Поклон за возможность заночевать в замке не слишком высокая цена. Кто их знает, тех, кому Гвоздь встал «поперек горла», — вдруг наведаются к обгоревшей двуполке, чтобы довершить начатое.
Но кому, Крот Проницающий, он мог насолить в здешних краях?! То есть кому — настолько?! Ломая над этим голову, Кайнор послал коня галопом вслед за благородными господами и их свитой. Позади осталась двуполка, охраняемая отрядом егерей да покачивающимися на ветвях «лесными стражами». «Но кому?!..»
ГЛАВА ДВЕНАДЦАТАЯ

Гостеприимство Дровосеков. «…белая как снег». Маркизов ужин и «Фазаний обет». Найдёныш: учиться, учиться и еще раз… Прогулки под луной, беседы под балконом. Кислый квас Лньели-Строптивицы. Гвоздь молится

Плащ повешен на крюк.
Шепот взглядов и рук.
Кто мы, как нас зовут, —
вспомним только к утру.
А пока нас не стало, мы — сердце Вселенной.
…под окном обалдело котяры орут.
Кайнор из Мьекра по прозвищу Рыжий Гвоздь
— Значит, именно белая? — переспросил Никкэльр К'Рапас — Белая как снег?
Его сын в подтверждение склонил голову:
— Белая, батюшка.
Маркиз скептически хмыкнул и повернулся к господину Туллэку:
— Ну, ты видел? — Тот дипломатически промолчал, поскольку было неясно, то ли Дровосек-старший спрашивает, видел ли господин Туллэк белую кабаргу, то ли… — Разве об этом мы мечтали, когда брали штурмом Груллу-Кор? — (Значит, речь не о кабарге.) — Вот он, отпрыск древнего рода захребетников — воинов и философов, венец, так сказать, столетней нашей истории! — Кривой перст господина Никкэльра тычет в Эндуана. — Тискает горничных на конюшне, охотится с кречетом на воробьев. В свои двадцать три не получил ни единой царапины в бою, всё что есть — от цирюльника-неумехи да коготков не в меру горячих девок. Об этом ли мы мечтали тогда, за Хребтом?
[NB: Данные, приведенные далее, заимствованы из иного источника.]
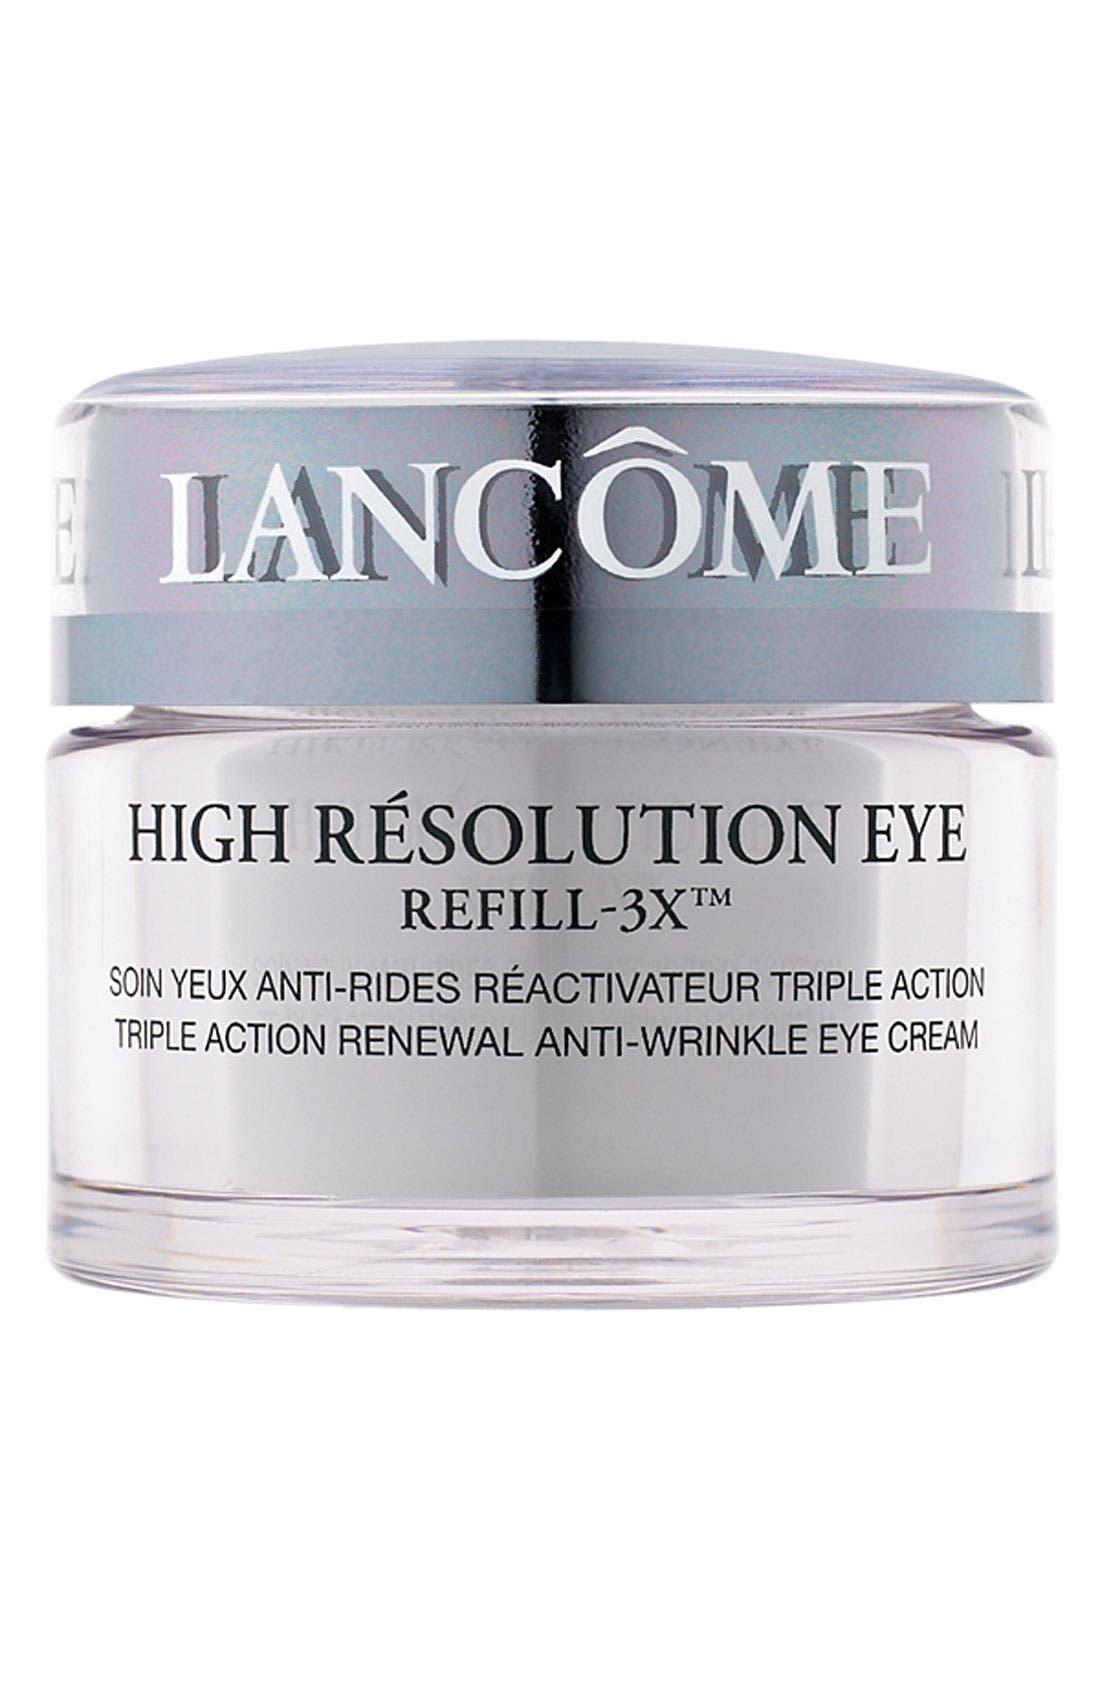 LANCÔME, High Résolution Refill-3X Anti-Wrinkle Eye Cream, Main thumbnail 1, color, NO COLOR
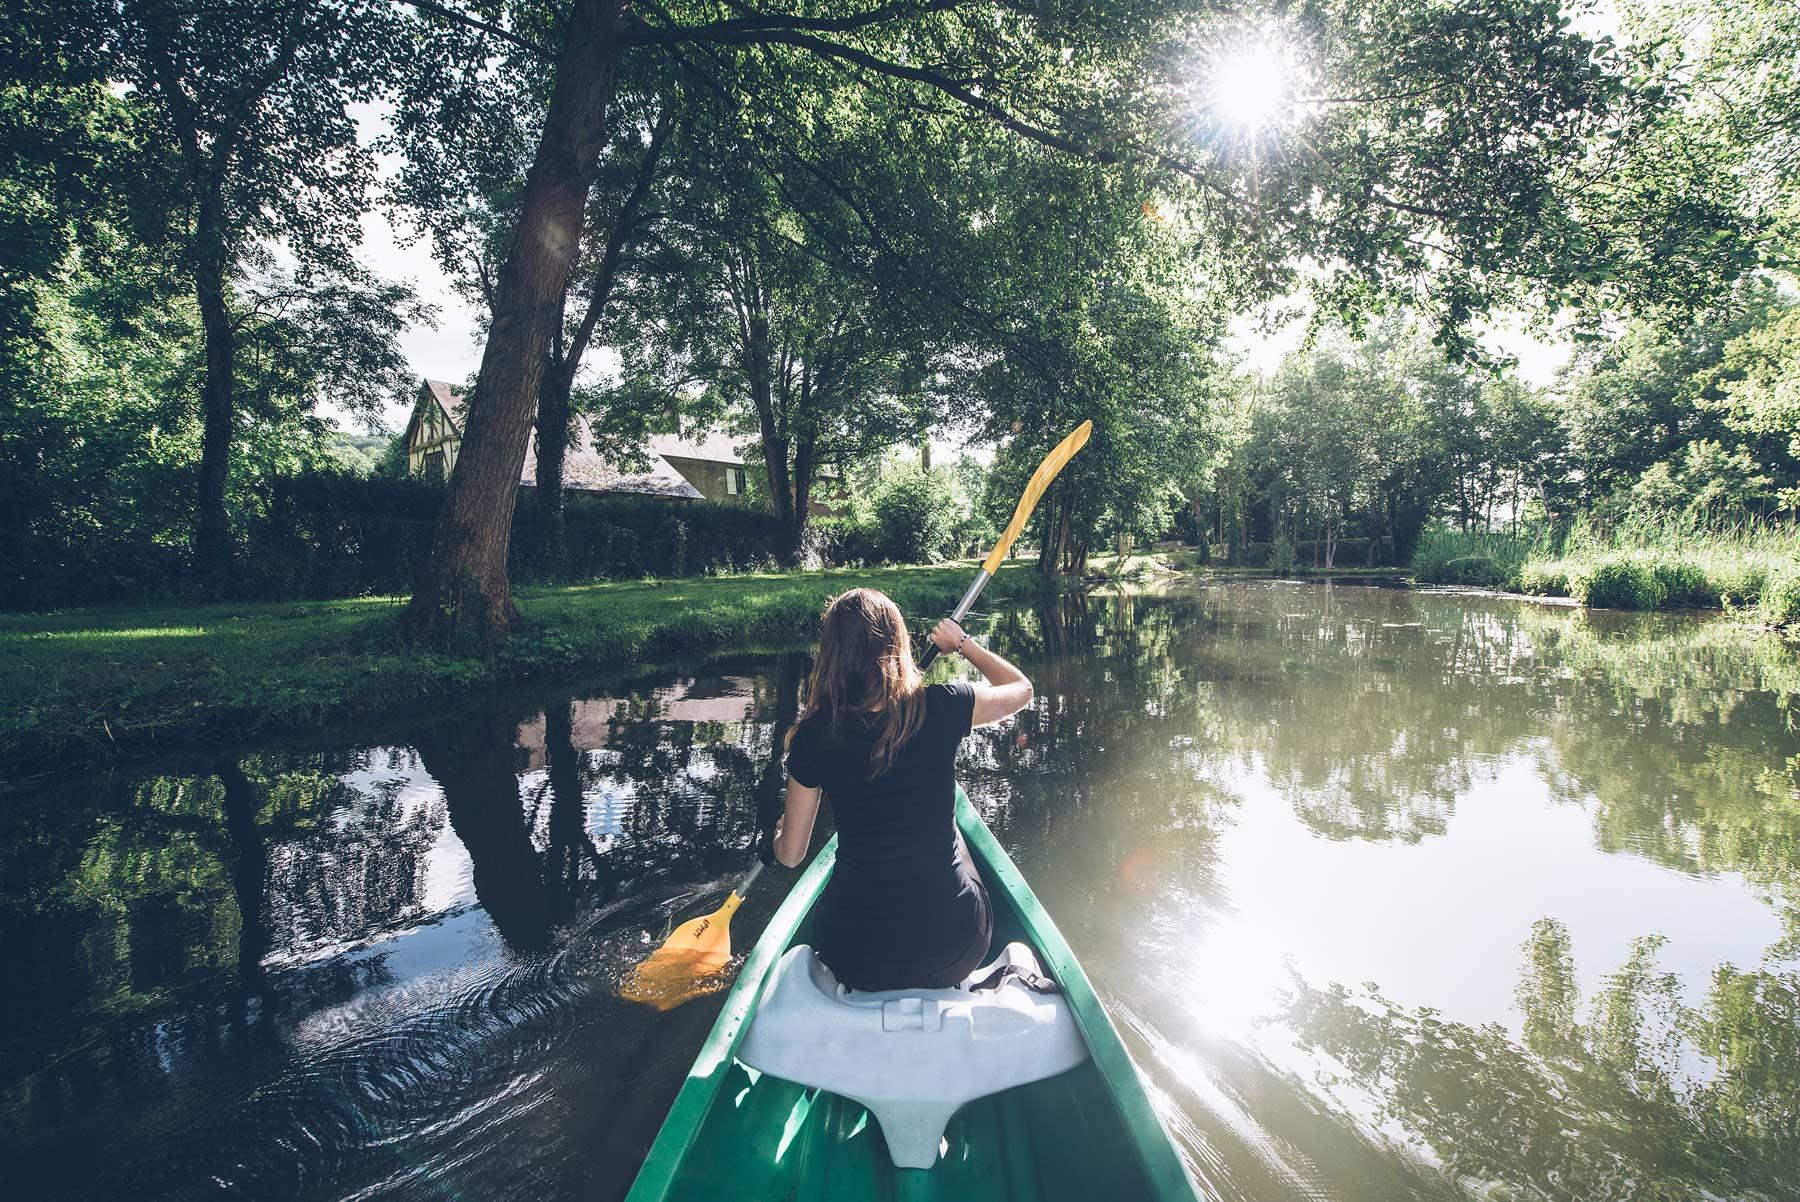 Canoe en Normandie, le Bonheur

— Кто же не мечтает о страстных коготках у себя на спине? — пробормотал Гвоздь. Прибыв в фамильное гнездо Дровосеков и познакомившись с хозяином, он не переставал удивляться причудам судьбы. Ибо вряд ли на свете отыщутся два более не похожих друг на друга человека, чем Диккэльр и его отпрыск. Эндуан телом строен, кожей бел, манерами до отвращения изыскан. Если бы честолюбие и самомнение какой-нибудь кудесник превращал в медные «плавники», Дровосек-младший оказался бы самым богатым человеком в Ллаургине Отсеченном.
Не то — господин Никкэльр. Честолюбием, конечно, он тоже не обделен, но ни белизной кожи, ни стройностью он не отличается. Тучный, кряжистый, брутальный, он кажется ожившим Великаном из древних сказок. Когда хозяин замка вышел к гостям, Кайнор сперва решил, что видит одного из Дровосековой челяди: или учителя какого-нибудь, или оружейного мастера. Заляпанные грязью сапоги, потрепанный кафтан, крошки в неухоженной бороде… А что у бедра покачивается в старых ножнах простенький меч, так это еще ничего не значит.
Вернувшихся с охоты встречали многие. Во внутреннем дворе, где ранние сумерки были круто замешаны на пятнах факельного света, царило оживление. Конюхи занялись лошадьми, подстреленных рябчиков отдали на кухню, Эндуан громким хозяйским голосом распоряжался насчет комнат для гостей — и тут из толпы раздалось бешеное: «Святой Нектарник!!!» В следующее мгновение гороподобный крикун уже обнимал господина Туллэка, восторженно хлопая его по спине.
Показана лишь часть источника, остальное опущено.